What’s the difference between HTTP and HTTPS?

  1. HTTPS requires you to apply for a certificate from a CA. Generally, there are few free certificates, so a certain cost is required.
  2. HTTP is a hypertext transmission protocol, and information is transmitted in plain text. HTTPS is a secure SSL/TLS encryption transmission protocol.
  3. HTTP and HTTPS use completely different connections and use different ports, the former 80 and the latter 443. HTTP connections are simple and stateless;
  4. HTTPS is a network protocol that uses SSL, TLS, and HTTP to encrypt transmission and authenticate identity. It is more secure than HTTP.

Session vs. cookie?

  1. Session data is stored on the server, and cookie data is stored on the client browser
  2. Cookie is not very secure, we can query forged storage and then the cookie of the client to cheat the request, for security, session should be used
  3. Session will be stored on the server for a certain period of time. When the number of visits increases, the server performance will be affected. Therefore, cookies can be used to ensure the server performance
  4. A single cookie cannot store more than 4KB of data, and many browsers limit the number of cookies a site can store
  5. Cookies are not cross-domain
  6. Session cookies and persistent cookies:
  7. Session cookies are cookies that disappear with the closing of the browser without setting the expiration time, and are generally stored in memory.
  8. Persistent cookies that set the expiration time, even if closed the browser will not disappear cookies, generally exist in the hard disk; Opening the browser again remains valid until the expiration date is reached.
  9. Session sharing:
  10. How to solve the problem of SessionId sharing among different websites with a single server (same parent domain name but different sub-domain name)?
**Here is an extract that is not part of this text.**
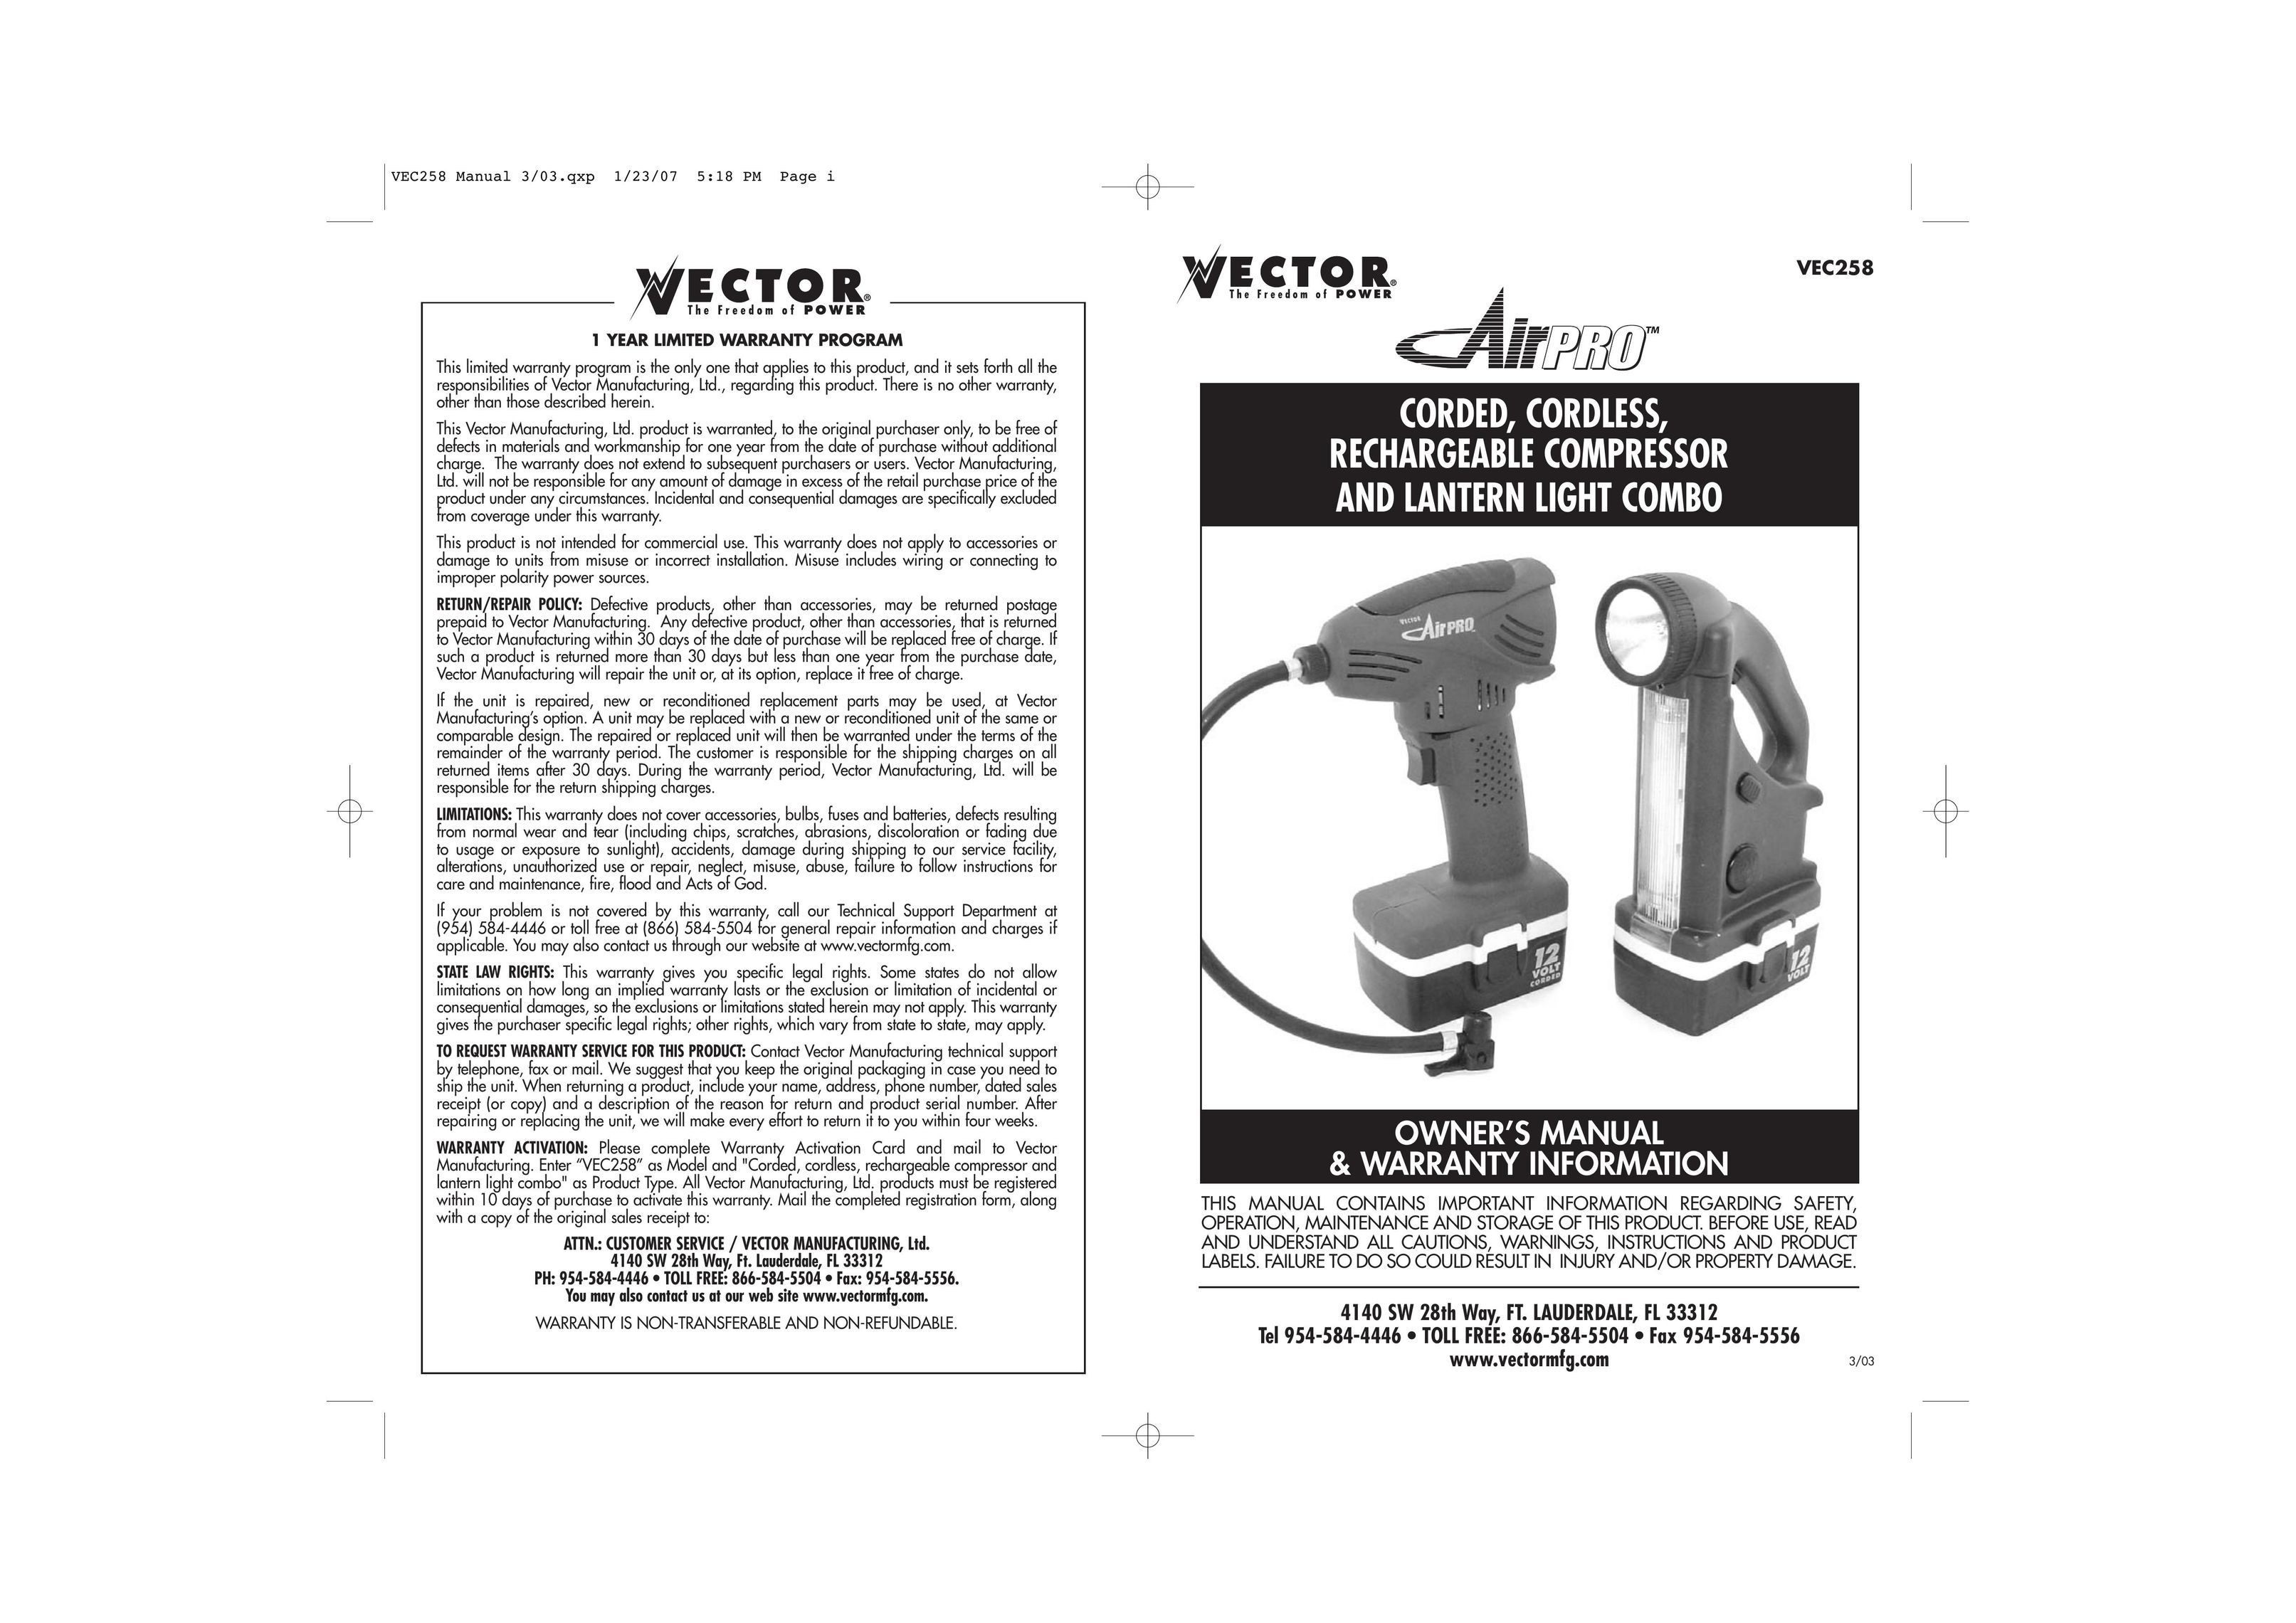 Vector VEC258 Air Compressor User Manual

Since domain names are different (A.test.com, B.test.com) and sessionids are stored in different cookies, our idea is to change the storage scope of cookies to the parent domain name to achieve the purpose of cookie sharing, so as to achieve the sharing of sessionids.
  11. The downside of this is that cookie information is also shared between sub-sites
  12. It is a good practice to store sensitive data, such as login information, in session, and other non-sensitive data in cookies

What is the process of entering a URL into a browser rendering page?

  1. Enter the URL in the client browser.
  2. It is sent to the DNS to obtain the IP address of the WEB server corresponding to the domain name.
  3. The client browser establishes a TCP(Transmission Control Protocol) connection with the WEB server.
  4. The client browser sends an HTTP or HTTPS request to the WEB server at the corresponding IP address.
  5. The WEB server responds to the request by returning the specified URL data or error message; If redirection is set, it is redirected to the new URL.
  6. The client browser downloads data and parses HTML source files. During the process of parsing, the page is typeset. After parsing, the basic page is displayed in the browser.
  7. Analyze the hyperlinks in the page and display them on the current page. Repeat the above process until no hyperlinks need to be sent and complete the display of the page.

Blocking non-blocking IO and synchronous asynchronous IO are still not in place.